Congo Airways dispose de nouveaux moyens aériens, mais aucun de ses appareils n’est aujourd’hui en exploitation commerciale. À l’aéroport international de N’Djili, cette immobilisation concentre désormais l’essentiel de l’enjeu de la relance : transformer une flotte disponible sur le plan patrimonial en capacité effective de transport.

La situation concerne notamment l’Embraer E-190 réceptionné le 24 décembre 2025 dans le cadre d’un programme porté par la Caisse nationale de sécurité sociale. Selon Radio Okapi, l’appareil reste au sol en raison de contraintes comprenant la disponibilité de pilotes qualifiés, la documentation technique et certaines pièces nécessaires à son exploitation et à sa maintenance. Les autres appareils de la compagnie sont également immobilisés, principalement pour des besoins de maintenance.

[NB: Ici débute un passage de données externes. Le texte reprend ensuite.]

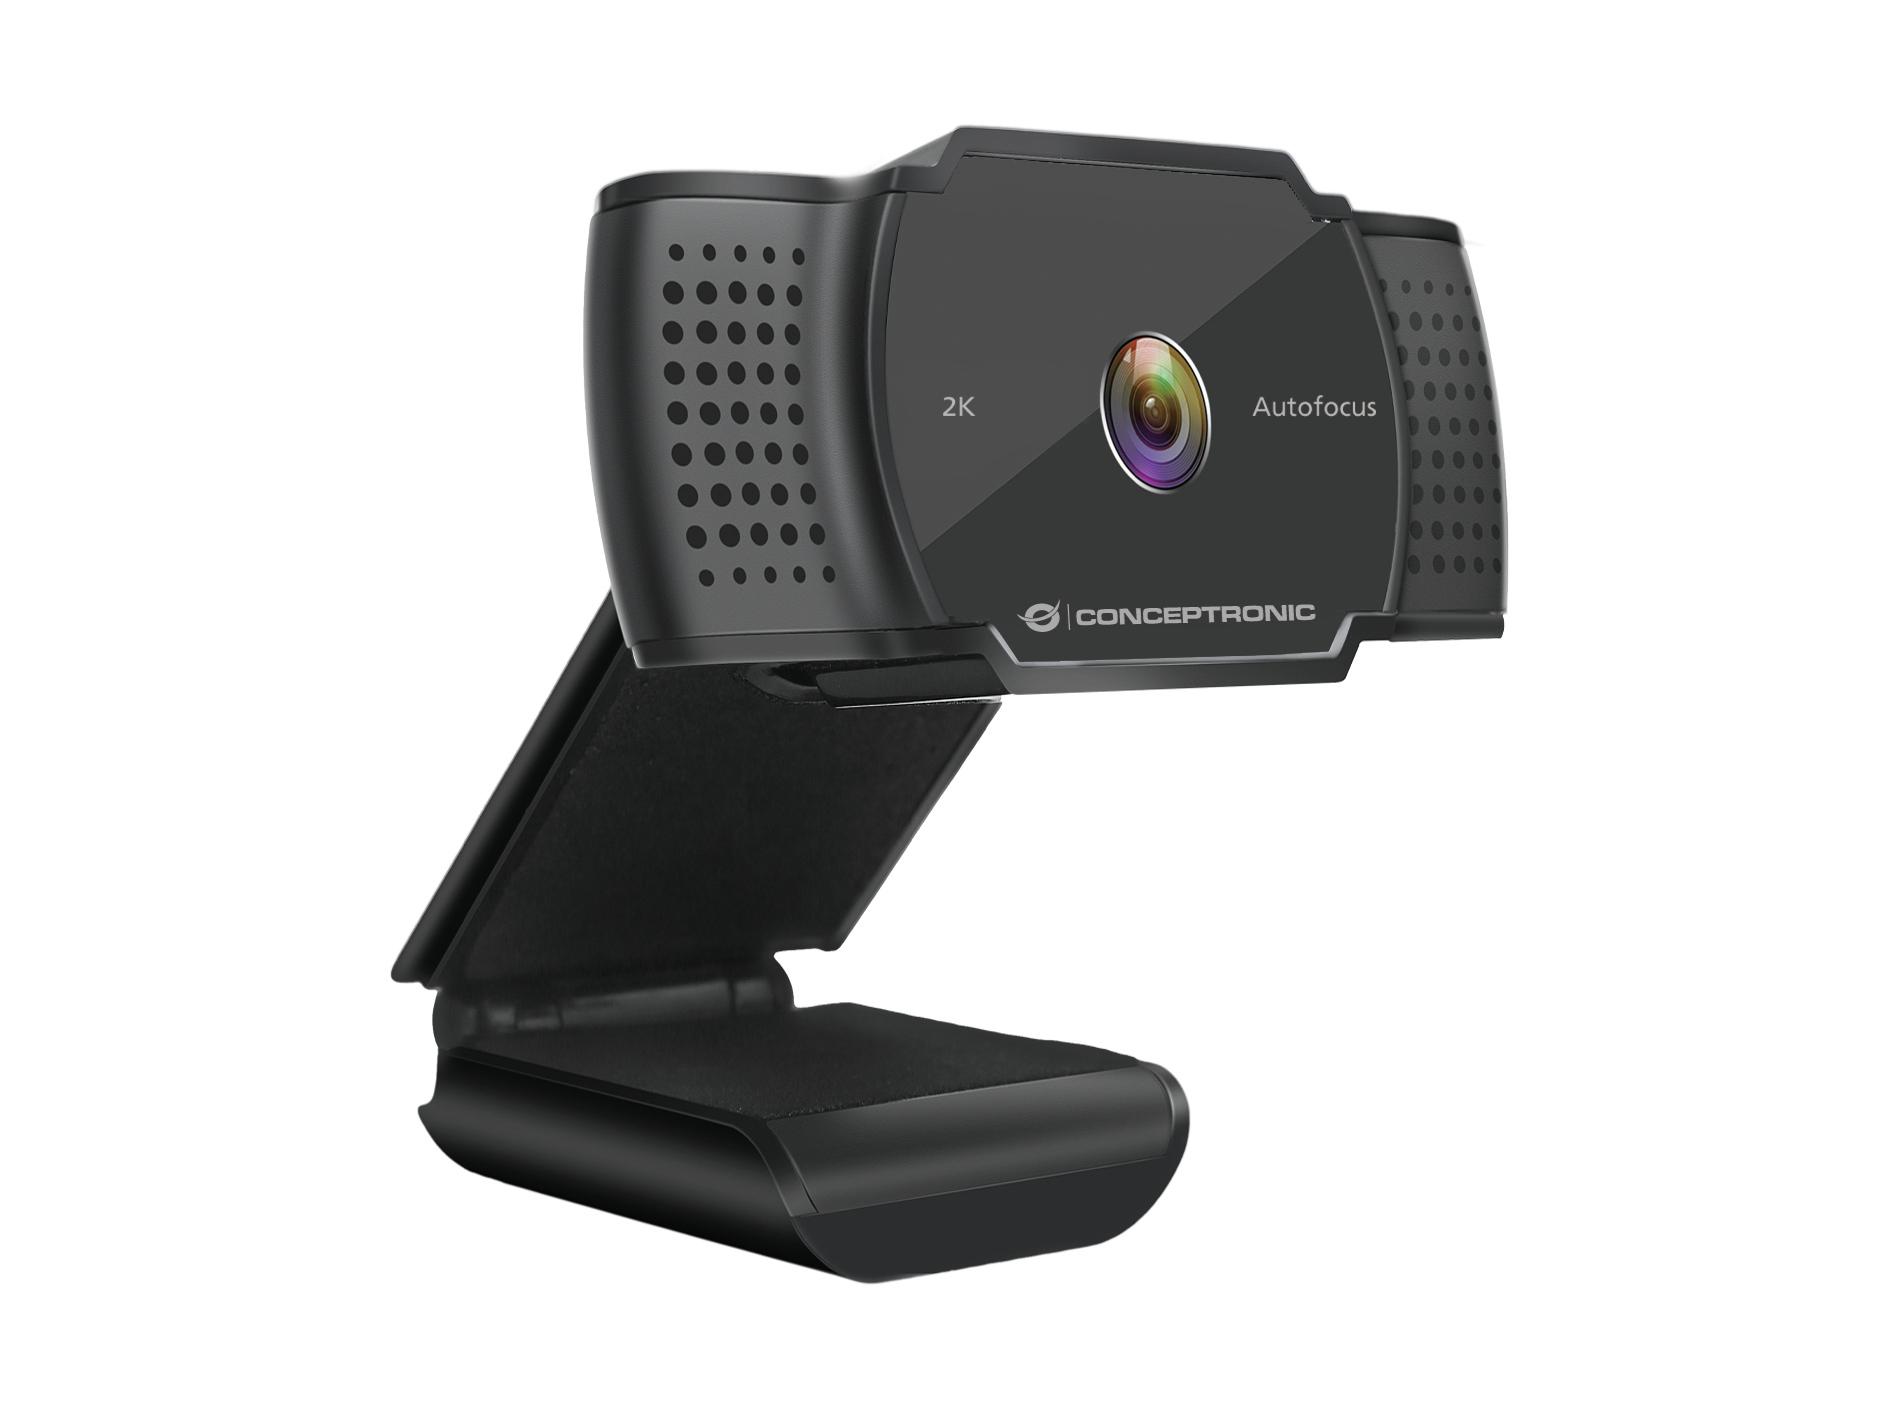 Conceptronic Webcam AMDIS 2k Super HD AF-Webcam+Microphon.sw - Webcam

Le calendrier souligne l’importance de la phase actuelle. Un mois après l’arrivée de l’Embraer, Congo Airways a réceptionné, le 31 janvier 2026, un Airbus A320 à Kinshasa. La compagnie avait parallèlement engagé le recrutement de neuf commandants de bord, neuf copilotes et quatre techniciens de maintenance, une démarche directement liée à la constitution des capacités nécessaires à la reprise des opérations.

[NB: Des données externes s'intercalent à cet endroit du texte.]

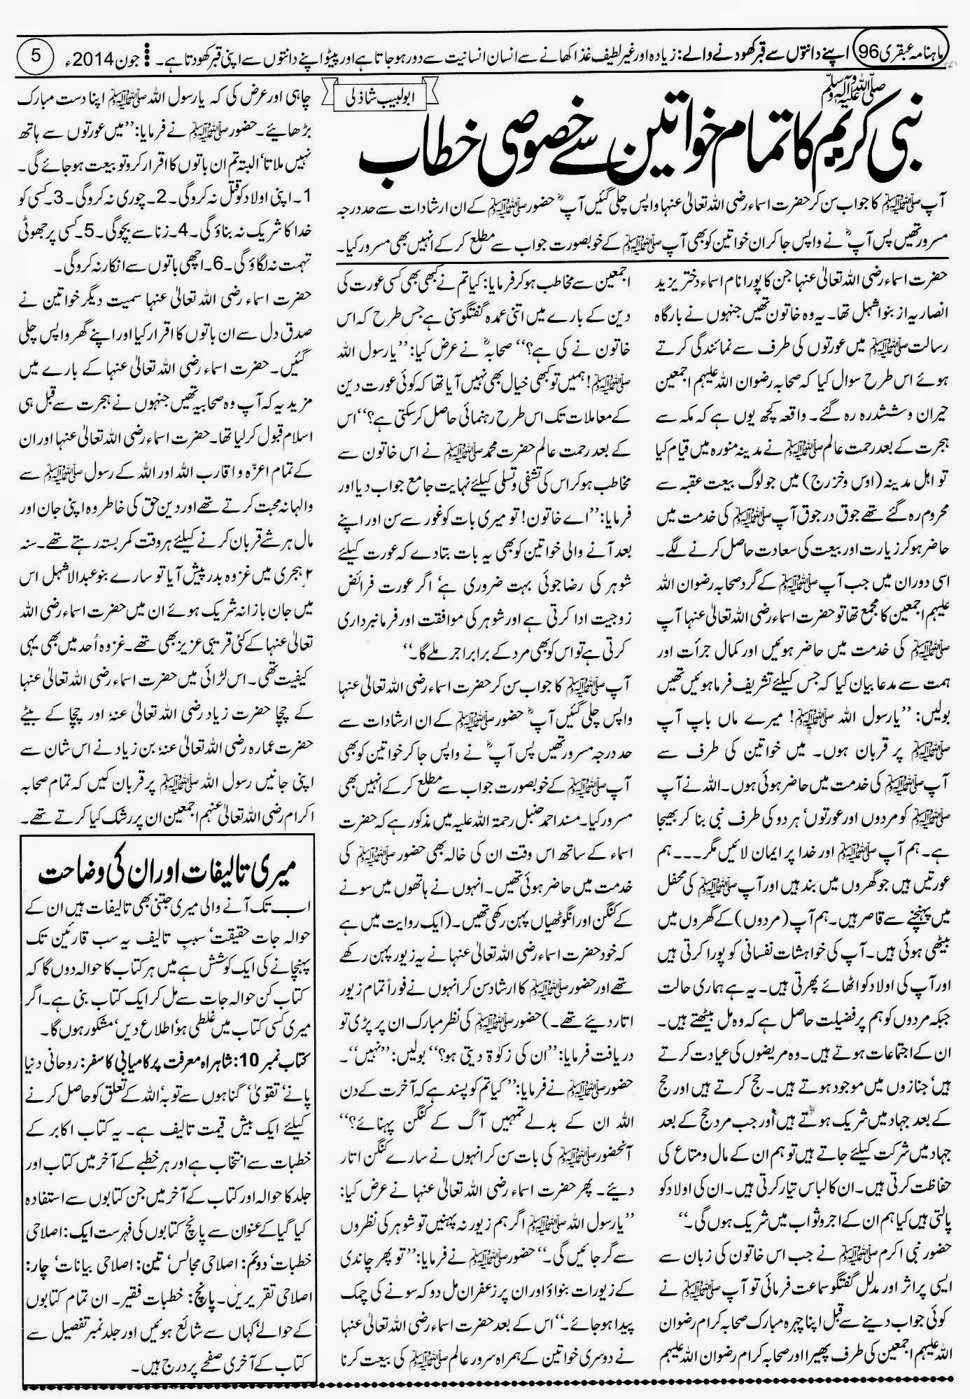 ubqari june 2014 page 5

Le dossier comporte également une dimension financière et institutionnelle. Des agents de la compagnie ont fait état de dettes et d’arriérés de salaires. Une mission menée en décembre 2025 par l’Inspection générale des finances, le Conseil supérieur du portefeuille et l’Autorité de l’aviation civile a, de son côté, examiné la gestion administrative, financière et opérationnelle de l’entreprise. Ses conclusions ont conduit les autorités à inscrire la gouvernance, le contrôle interne, la conformité réglementaire, l’audit des ressources humaines et le reporting à l’État actionnaire parmi les composantes du nouveau dispositif de relance.

En mars, le président Félix Tshisekedi a demandé au gouvernement un plan actualisé, réaliste et financièrement encadré. Le même dispositif prévoit également l’examen des modalités d’acquisition, de financement et d’intégration des nouveaux aéronefs ainsi que des obligations financières de l’État envers la compagnie.

Pour la décision publique, les paramètres sont ainsi plus lisibles qu’auparavant. Les actifs existent, les besoins en personnel ont été identifiés et le cadre de gouvernance attendu a été défini. La prochaine séquence permettra de mesurer leur traduction opérationnelle : certification et disponibilité des avions, constitution des équipages, accès aux pièces et à la maintenance, financement du cycle d’exploitation et calendrier effectif de reprise.

L’Administrateur délégué général de Congo Airways s’est déclaré confiant auprès de Radio Okapi quant à un prochain retour dans les airs. La date du premier vol commercial constituera désormais le premier indicateur observable du passage du plan de relance à son exécution.